Рональд шер Бастерхази


Роне снились корабли. Десятки кораблей, от великолепных имперских галеонов до юрких и опасных, как осы, пиратских укк. Они разбегались, как испуганные крысы, а он ловил их за мачты, поднимал над водой и вытряхивал из них мышей, сотни мышей, тонко и мерзко пищащих – искал среди них одну, особенную мышь, и не находил, и снова гонялся по колено в воде за корабликами… Пока один из них не вырвался из рук и не заявил удивительно знакомым голосом:

– Просыпайся, ворона щипаная! Мальчишка нашелся!

Роне подскочил на постели, свалив одеяло на пол, и бросился к Ману. Тот парил над расстеленной на столе картой Валанты, раскинув страницы наподобие крыльев. Лучи солнца из восточного окна золотили потертый переплет и плели вокруг фолианта радужную ауру мага-зеро.

– Фокусник ты балаганный, – хмыкнул Роне, чтобы не акцентироваться на странном ощущении в груди, подозрительно похожем на умиление. – Где он?

– Две лиги от города вниз по течению, – сказал Ману, отлетев на свой пюпитр и погасив сияние. – Торговая посудина.

– Точно он? – спросил Роне, проводя рукой над указанным местом.

– Пф! – откликнулся Ману, уже оставивший пыльную материальную оболочку и восседающий в призрачном кресле с чашкой призрачного молочного улуна.

Роне не обратил на фырканье внимания. Знакомый запах следа определенно указывал на реку.

– Эйты, завтрак! – велел Роне, со вкусом зевая и потягиваясь.

– Выпей чаю, Ястреб. Отличный сорт, только вчера доставили из Цуаня.

– Пф! Шамьет, исключительно шамьет!

– Эйты, неси то и другое, – велел Ману замершему на месте умертвию.

– Вот же настырная камбала, – буркнул Роне, совершенно не в силах спорить.

Да и было бы о чем! Может быть, уже сегодня Ману наконец-то сможет выпить настоящего чаю, а не его идеальную воображаемую модель.
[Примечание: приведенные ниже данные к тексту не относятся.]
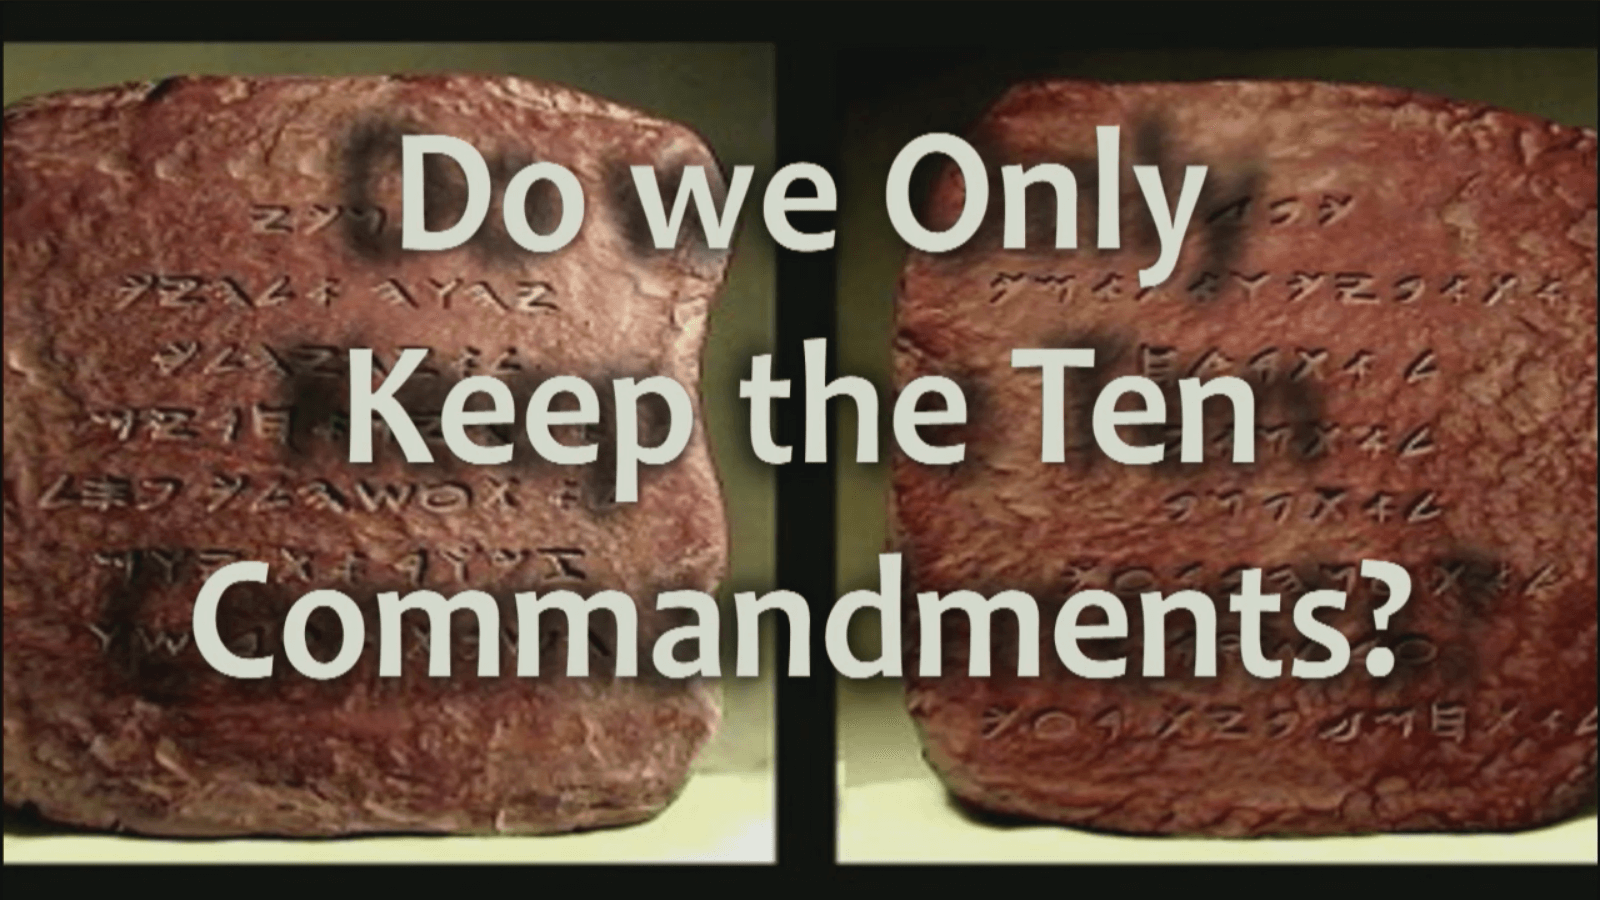 Do we Only Keep the Ten Commandments?

По такому случаю… По такому случаю стоило бы устроить всенародный праздник!

Ну, насчет всенародного он, конечно, слегка погорячился. Но вот отпраздновать прорыв в науке вместе с Даймом – стоит. Дайм поймет. И Ману ему наверняка понравится.
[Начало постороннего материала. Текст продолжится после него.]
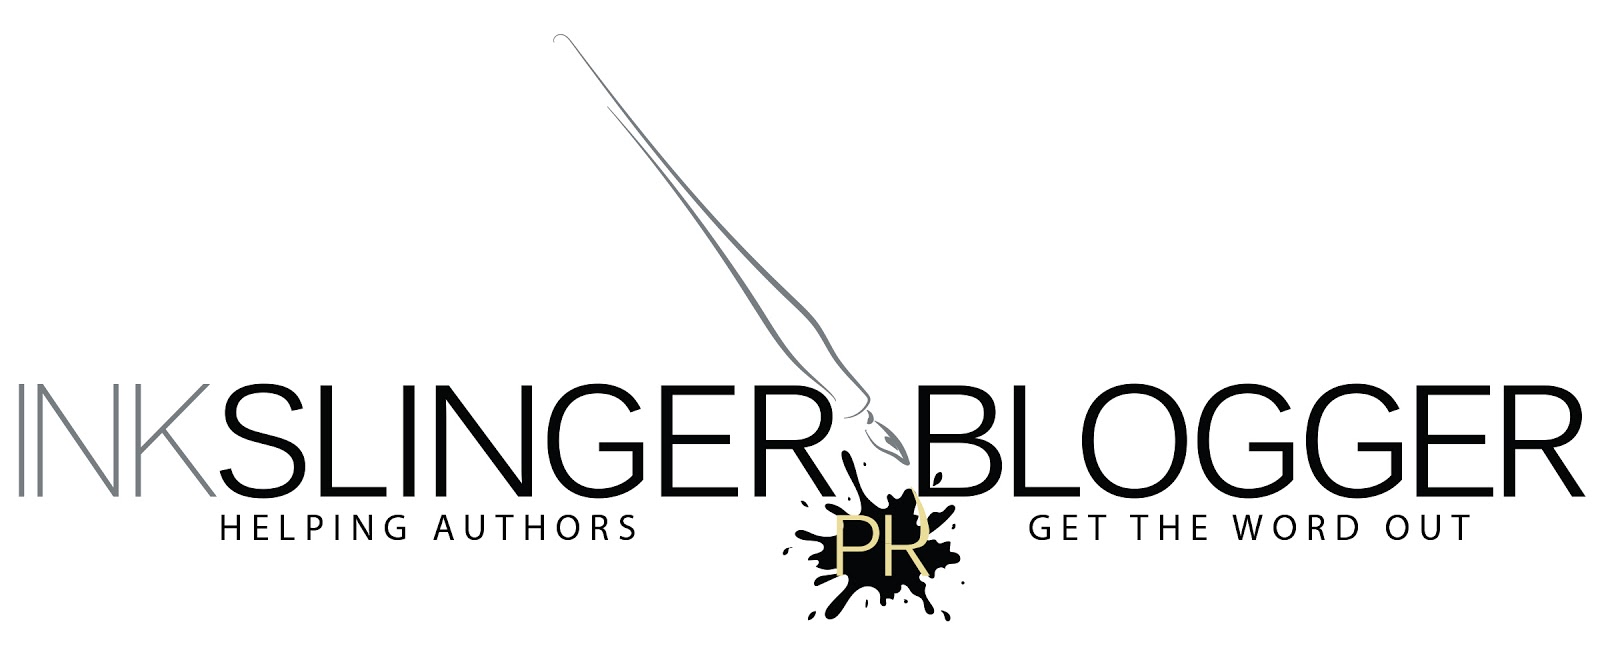 What I M Reading Inkslinger Pr Review Excerpt

Предвкушая уютные посиделки втроем за бокалом кардалонского, Роне достал из сейфа амулет-личину. Ловить мастера теней отправится не придворный маг, слишком уж заметная фигура, а заурядный городской стражник. Так по крайней мере будет шанс, что Магбезопасность не узнает о том, что может Магбезопасности не понравиться.

Впрочем, Магбезопасности на данный момент все равно, где шатается темный шер Бастерхази, чем занят и не сдох ли случаем. Было бы иначе – уж нашел бы минуту, чтобы заглянуть на чашку шамьета. Или записку черкнуть. Да хоть что-нибудь.


Порт кипел и бурлил: грохотали телеги, орали люди, скрипели снасти – наверняка кто-то мог в этом сумбуре уловить смысл, но не Роне. Его сегодня не интересовали шелка и пряности, даже мимо складов торговой компании Альгредо он проехал равнодушно. На крики портовых стражников и грузчиков он не обращал внимания – пусть сами заботятся о том, чтобы не попасть под копыта химеры.

Около причалов Роне остановился в задумчивости. Баржи, бриги – не то. На разгон махины нужно слишком много энергии, а с этим нынче проблемы. Надо что-то скромнее, желательно с командой, нужно же будет кому-то тащить пойманную дичь.

Взгляд остановился на маленькой шхуне со спущенными парусами. С «Семерочки», в отличие от других судов, ничего не выгружали, а матросы мирно драили палубу. Роне чуть было не направил Нинью к ней, но уж слишком потрепано и неказисто она выглядела. Еще развалится на полпути.

Зато шлюп у дальнего пирса, с которого выгружали бочонки и тюки, показался вполне крепким и быстрым. Сопровождаемый руганью и грохотом, Роне добрался до нужного причала, пропустил груженую телегу и перегородил дорогу оборванцу, несущему на плечах бочонок. Пахло от него отличным кардалонским, а печать стояла, как на дешевой сангрии. Контрабандисты – то что надо.

– Эй, мне нужен шкипер этой посудины!

В ответ матрос разразился бранью, его поддержали еще двое с тюками. Чистая, незамутненная злость была так приятна на вкус, что Роне позволил оборванцам высказаться. Но едва первый из них попытался отпихнуть Нинью с дороги, Роне выхватил шпагу и хлестнул нахала плашмя, добавив легкий ментальный удар. Контрабандист заорал от боли и страха, выронил бочонок в реку и попятился.

– Я сказал, мне нужен шкипер, – тихо повторил Роне и улыбнулся.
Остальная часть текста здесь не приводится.